DATA BLOCK =>
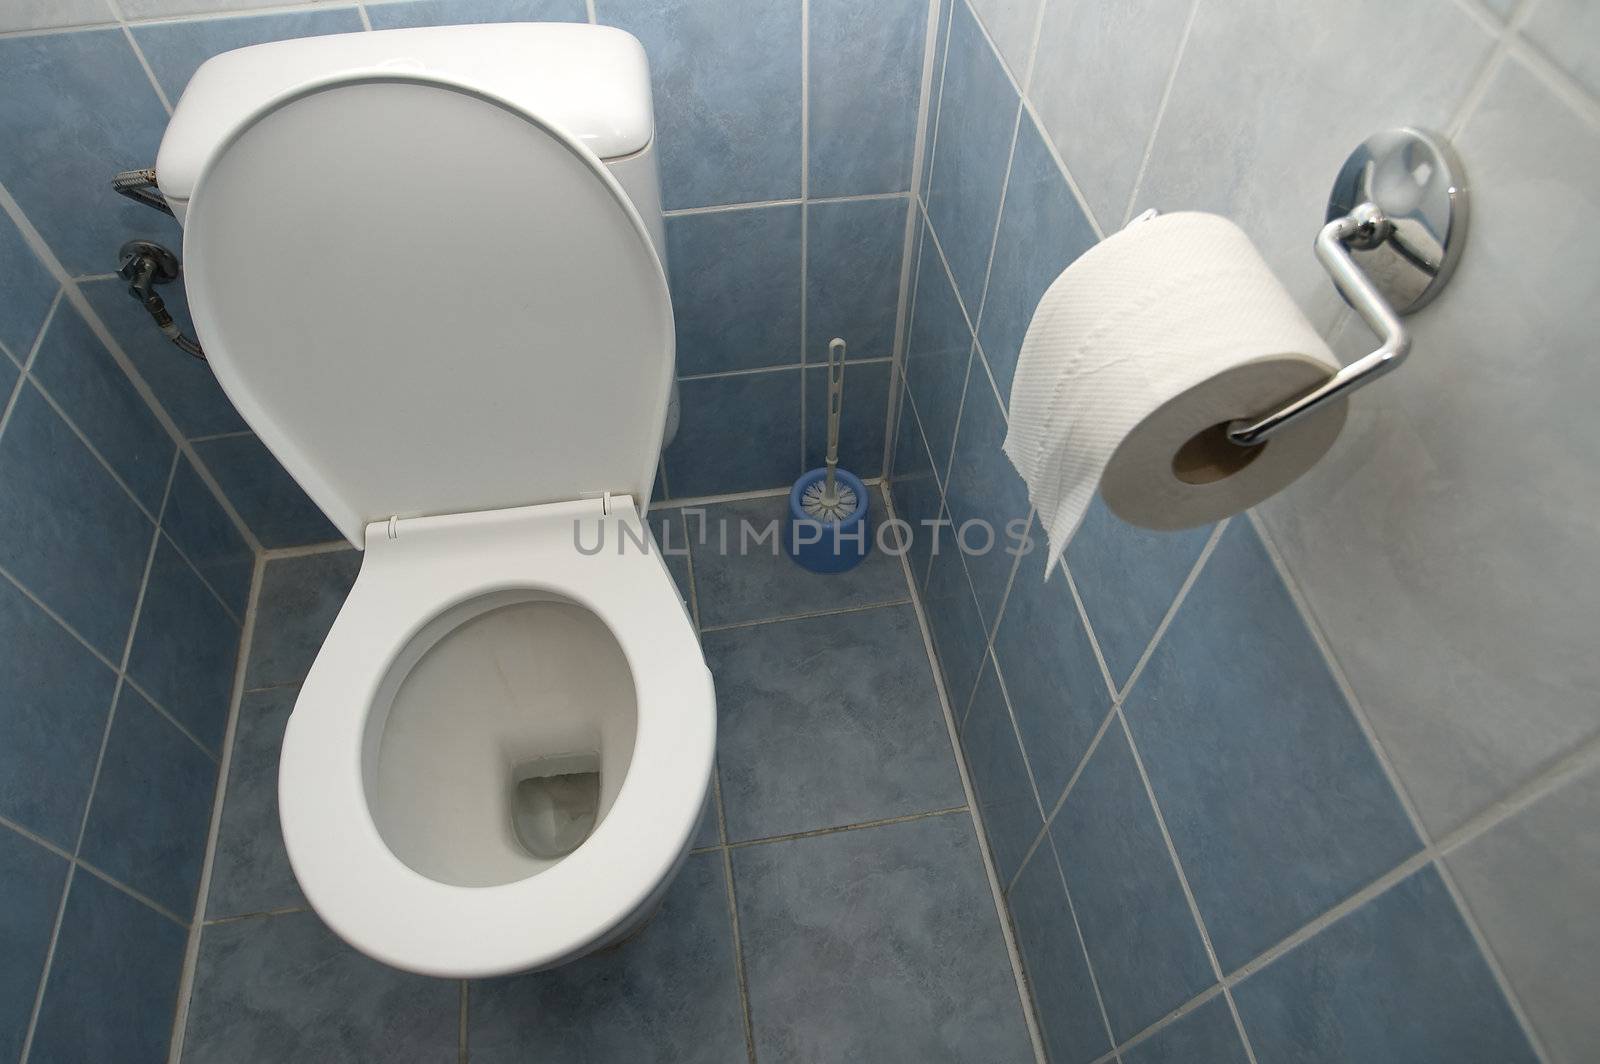 clean toilet interior, tiled walls and floor
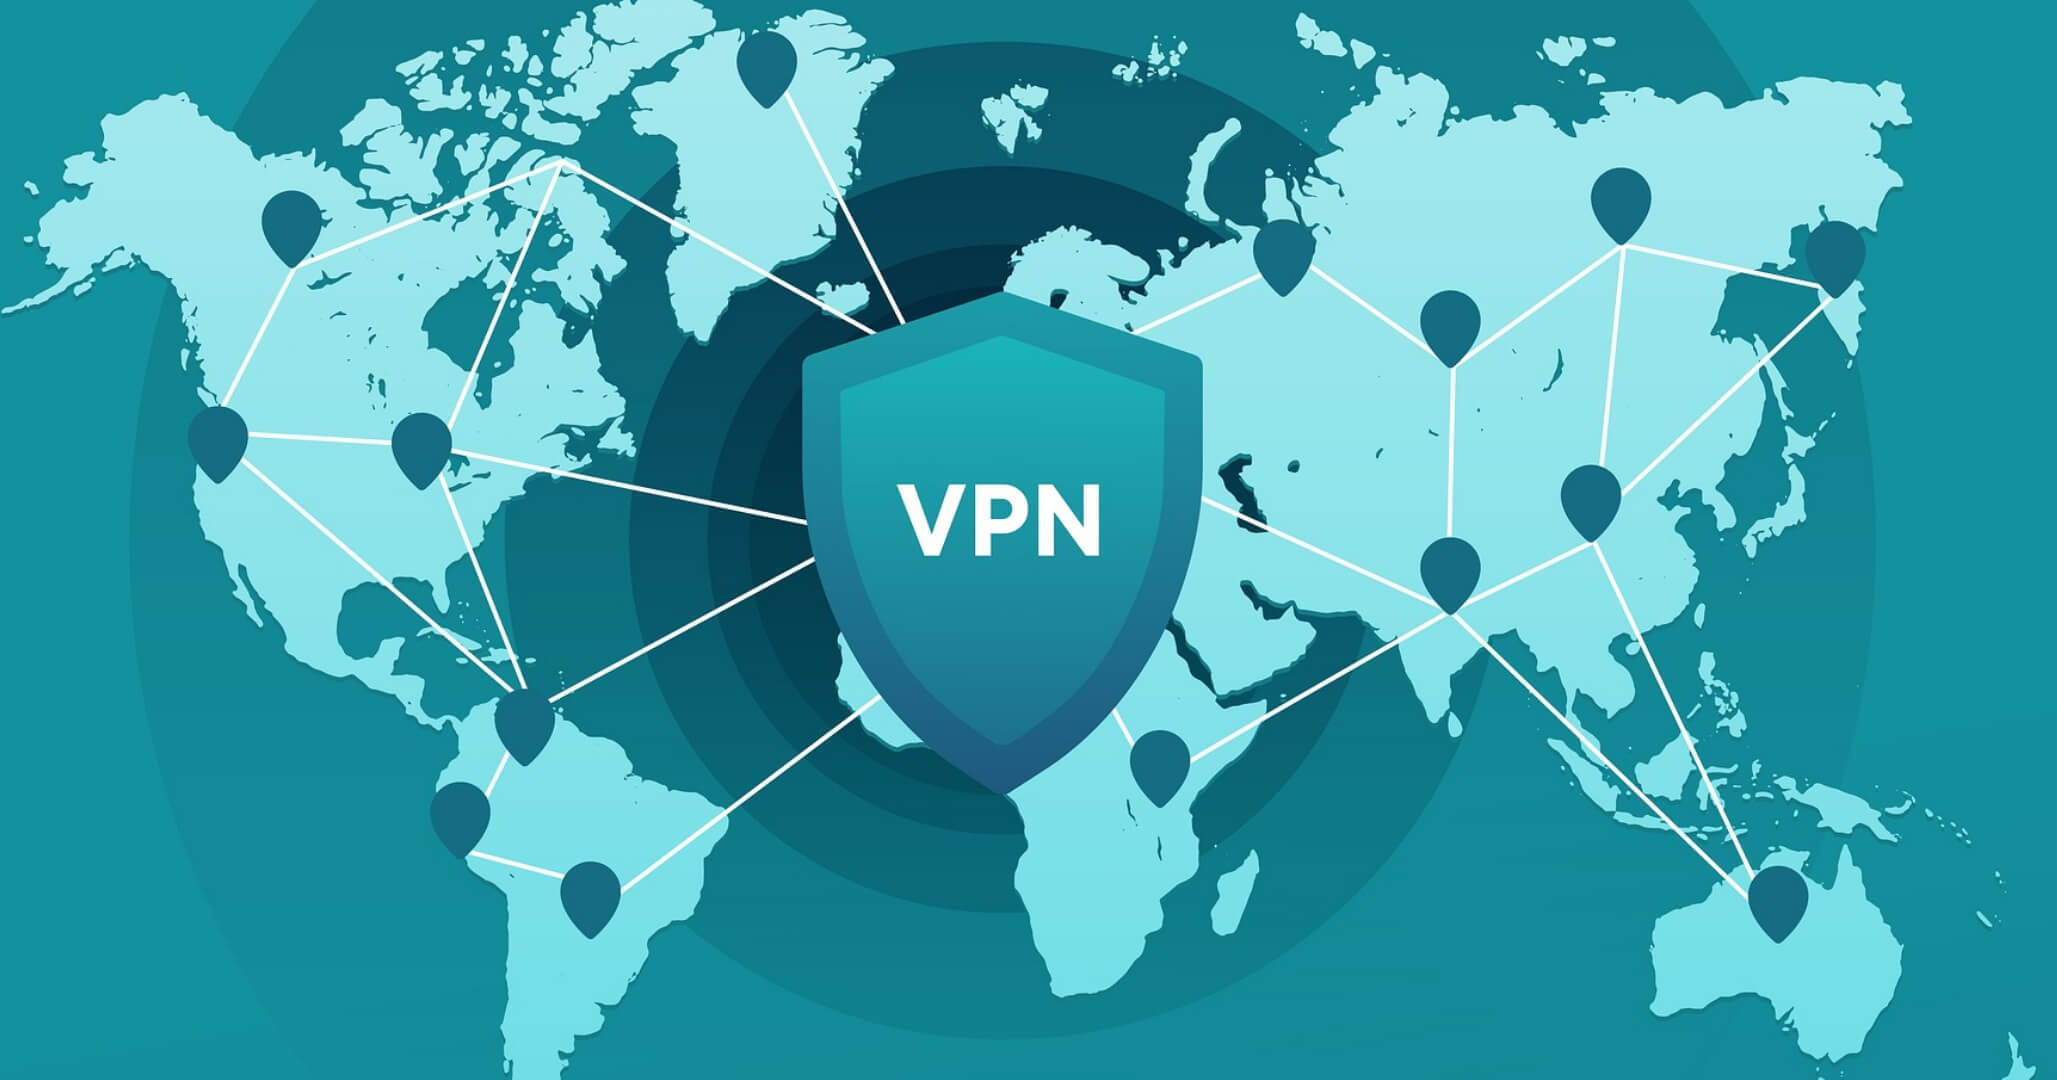 Will ISP Know I’m Using A VPN?
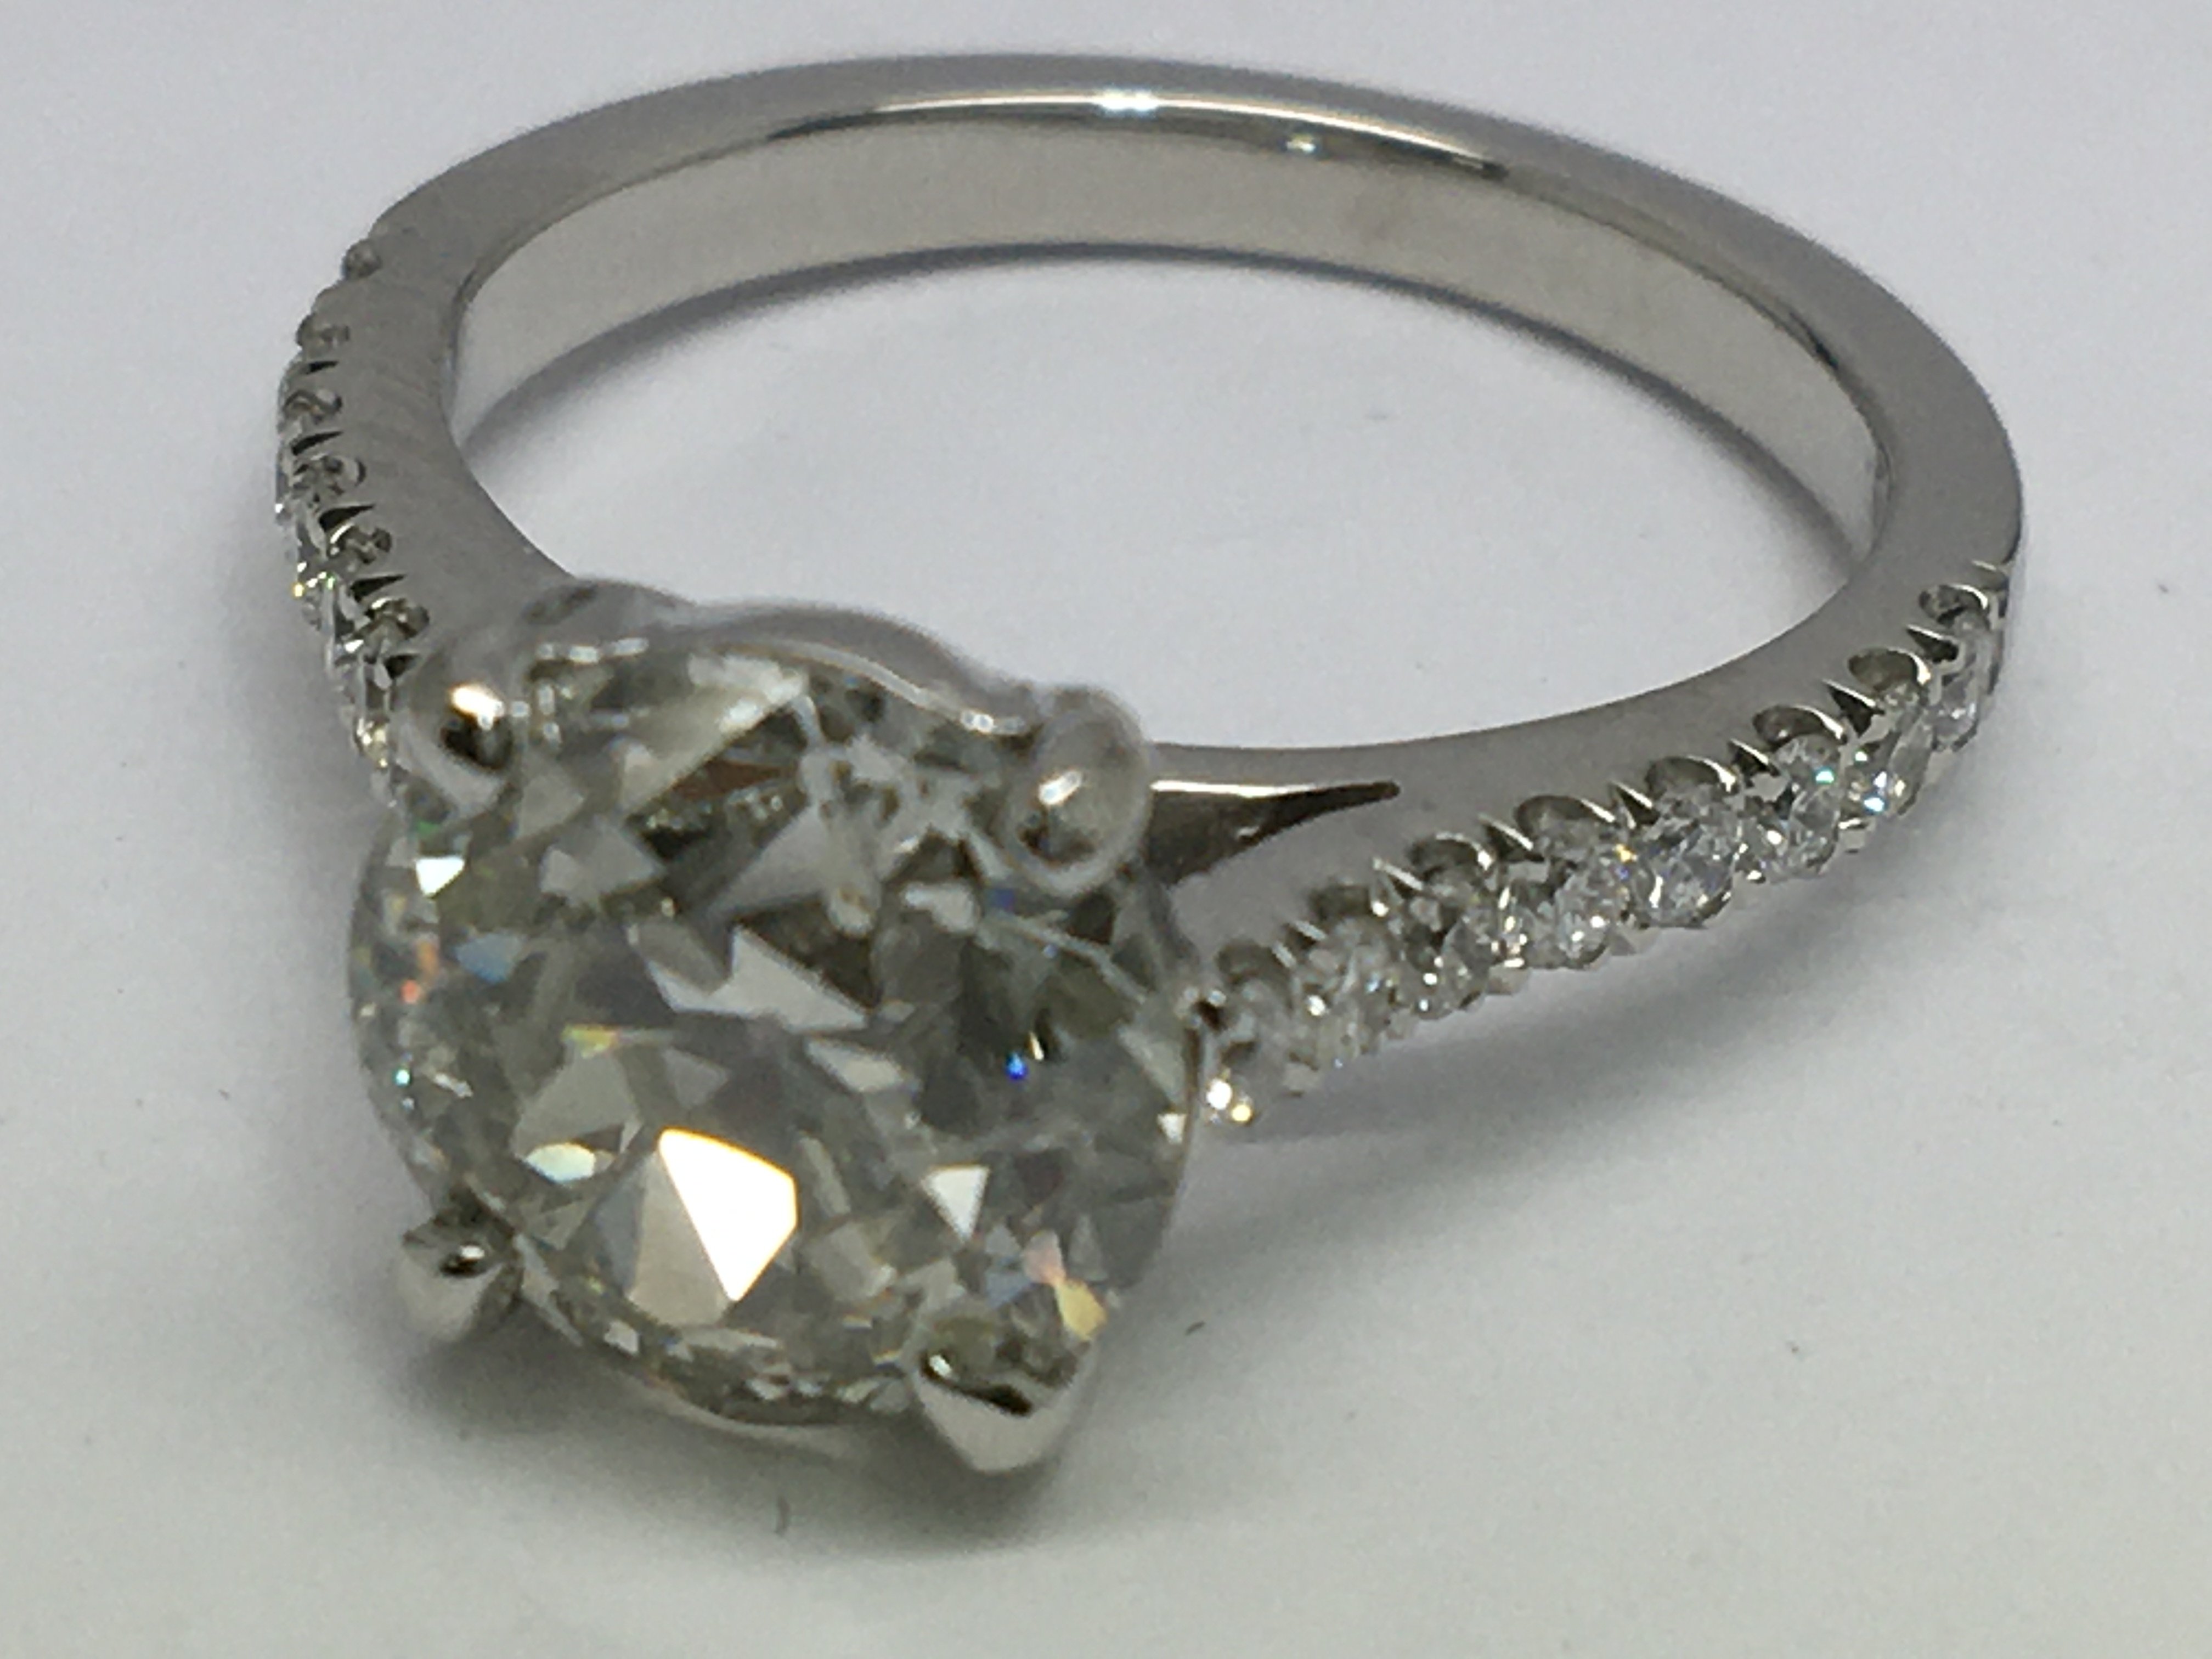 A certified platinum solitaire diamond ring with d

TASK BRIEF => Give back all the data exactly, minus pictures.

RESPONSE TO THIS EXERCISE =>
 clean toilet interior, tiled walls and floor
 Will ISP Know I’m Using A VPN?
 A certified platinum solitaire diamond ring with d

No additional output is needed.